Well I had a MC fairly early on. Didn't diminish how excited we were though. I couldn't stop asking myself what I did wrong so I opted for genetic testing to give me closure. It was a baby girl with 46 chromosomes. Everything I had hoped, wished, and prayed for. I know it's not fair to say this but I feel like God just waved it in my face and snatched it away. Now instead of feeling closure, I'm really wondering what I did to deserve this being taken away as well as what I did to cause the miscarriage. Why is this so unfair? My doctor tried to reassure me that it was maybe a heart defect or the brain didn't develop but I can't think that the only reason I miscarried was because I had a large subchorionic hemorrhage (as seen on the scan) who knows if it was there before or caused by the mc. Im just so down and out right now and I don't know if I've ever felt this sad before. Just wanted to vent is all.

OP posts:
Solomon1212 · 18/02/2021 17:51

I went through it last month. Mc number 3. Its honestly nothing you did, sometimes nature is just cruel. I sit wondering the same but try to think of it that something wasnt right. Xx

Emilu89 · 19/02/2021 13:03

I'm so sorry for your loss. Sending you strength at an awful time.
I had an extra large (their words) subchorionic hematoma and unfortunately miscarried.

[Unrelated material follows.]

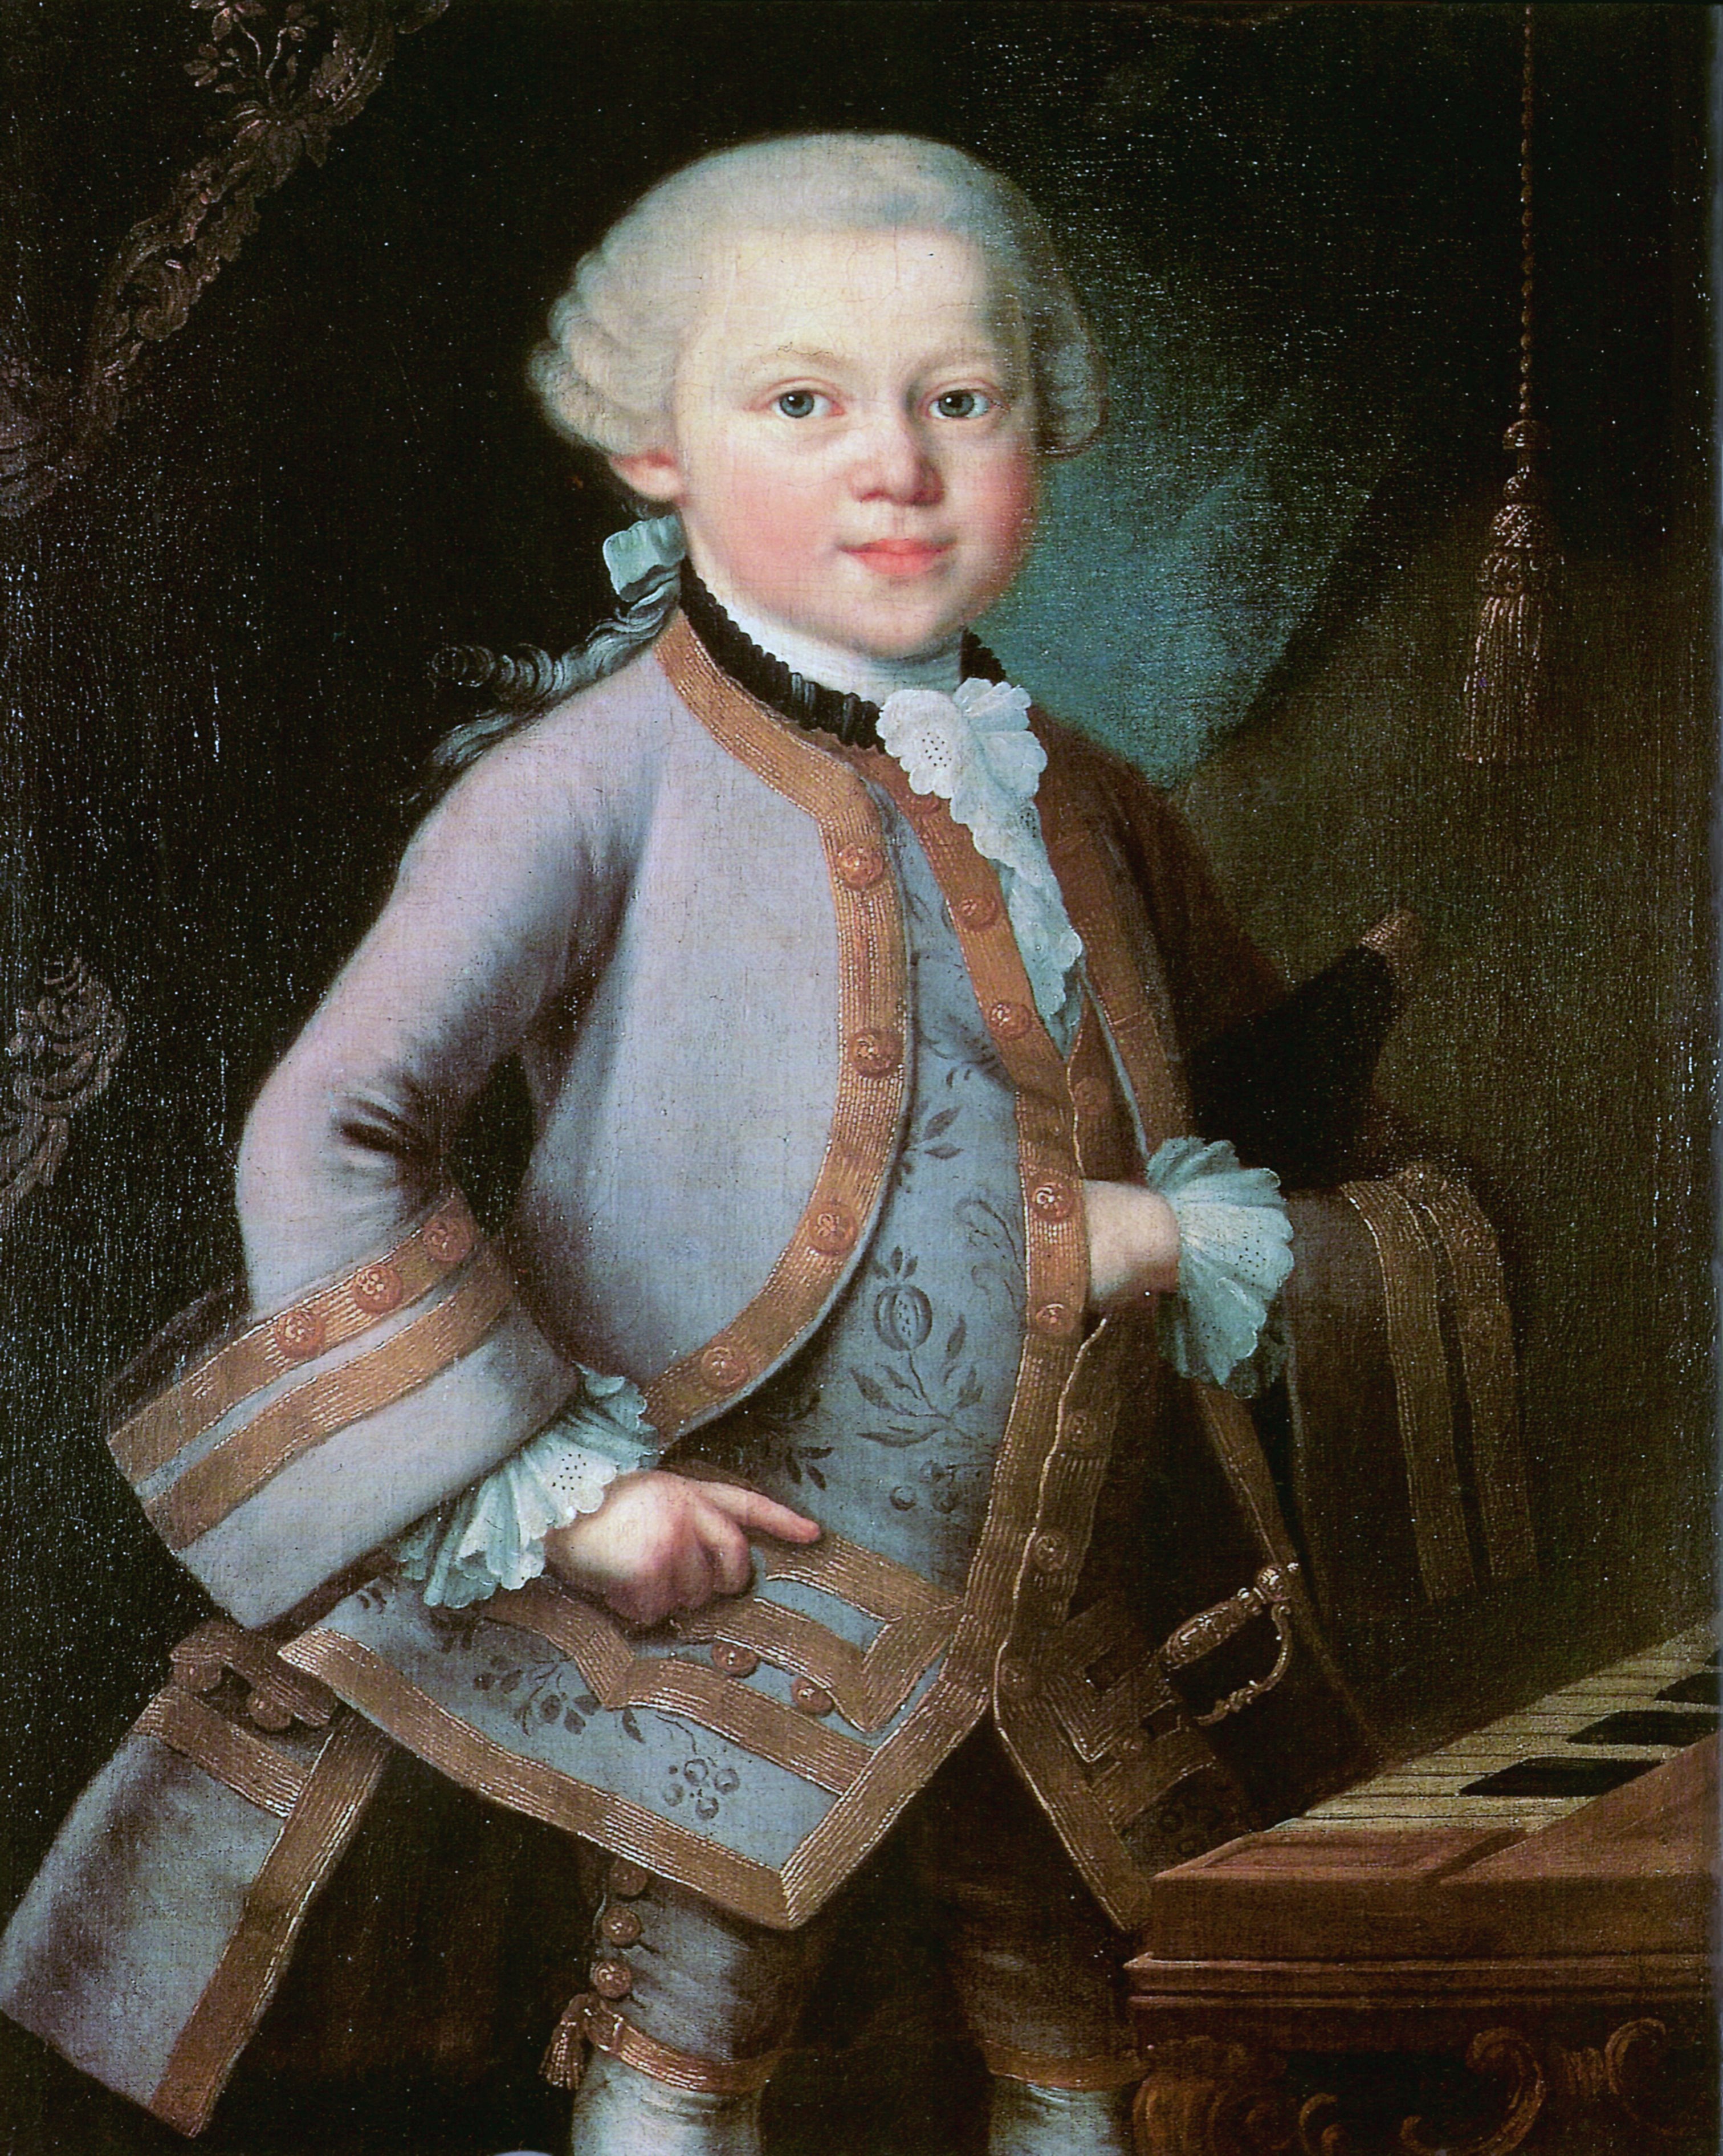 Retrato de Wolfgang Amadeus Mozart pintado por encargo de Leopold Mozart en 1763. El autor es desconocido aunque posiblemente fuera Pietro Antonio Lorenzoni.
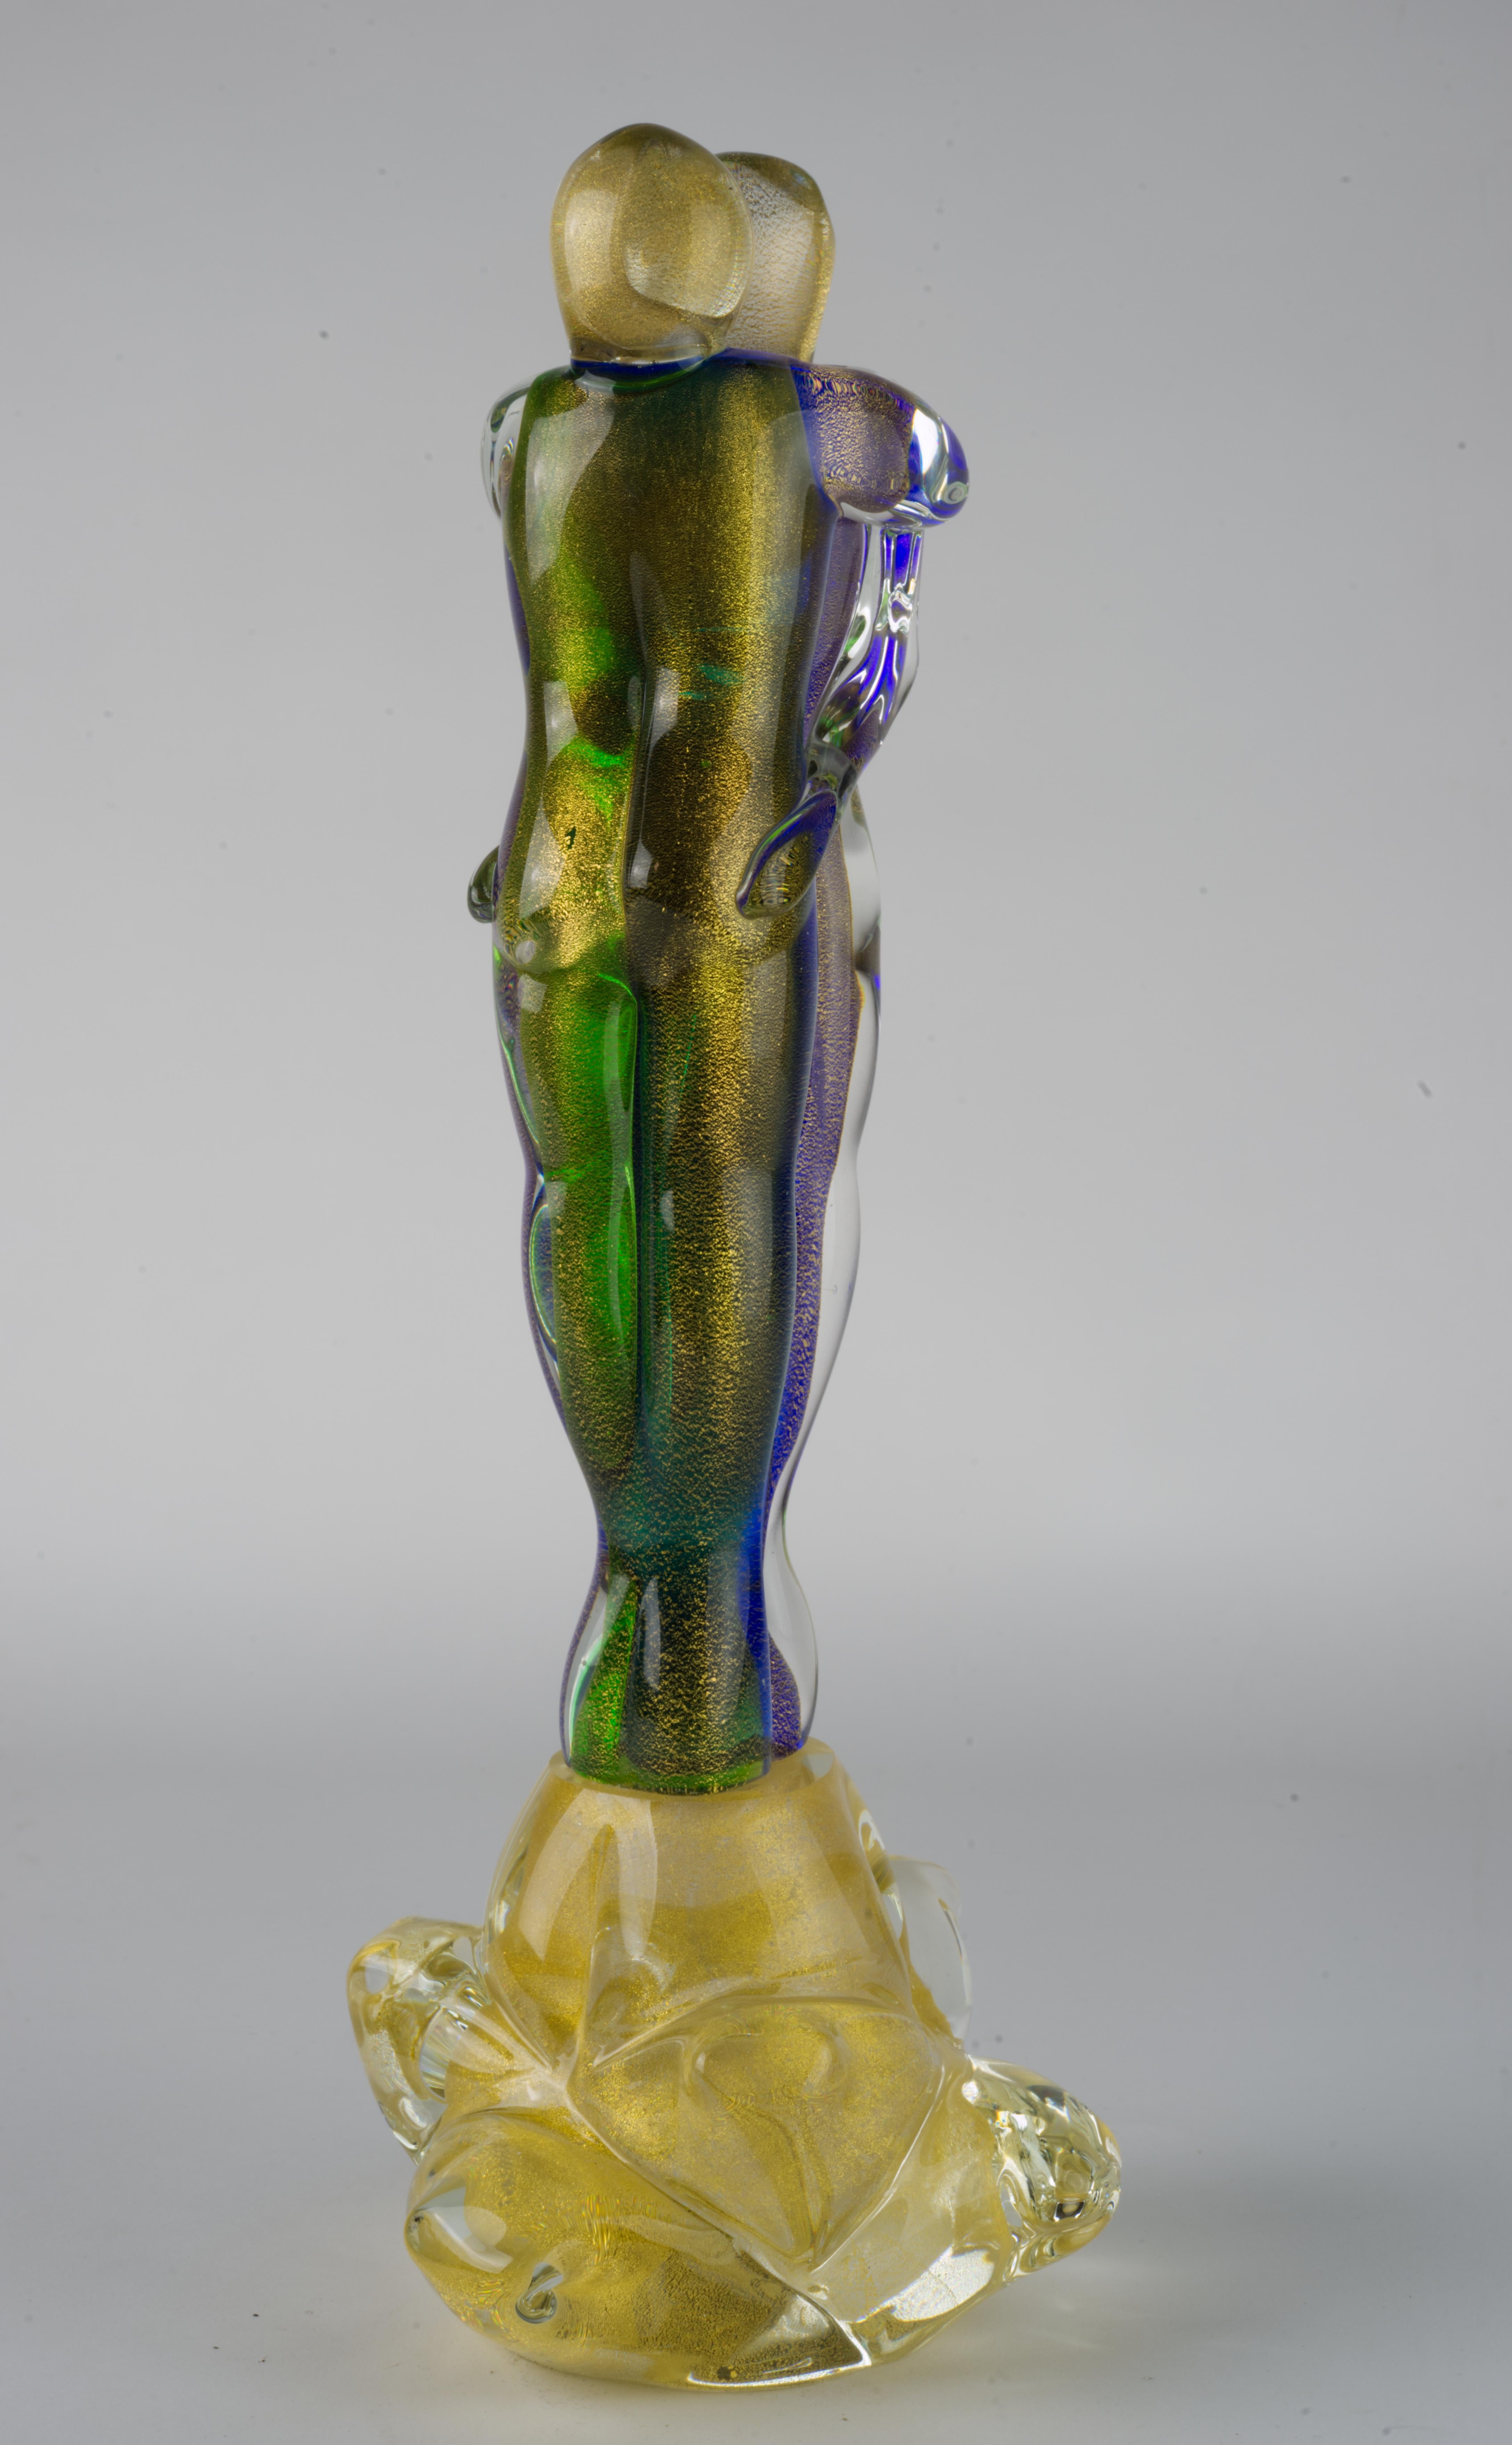 Sculpture abstraite en verre de Murano représentant deux amoureux enlacés, réalisée en verre vert, violet et transparent avec des inclusions de paillettes d'or, enveloppée dans du verre transparent selon la technique sommerso. Les deux personnages

I googled why they occur and non of it fitted with me, I asked the doctors if it could possibly happen again in future pregnancies and the response was every pregnancy is different and it was unlikely to just be the hematoma that was the cause. I don't feel like I got any answers really, it was quite a brushed off comment. It's frightening trying to plan ahead into the unknown. The reassurance I want (and imagine we all want) nobody can really give! We just have to live in hope and don't give up. I'm so sorry. Xx

dippyegg32 · 19/02/2021 16:38

I had a mmc in December after a huge SCH was found. Whilst I was told "these things happen" my gut tells me it was the haematoma.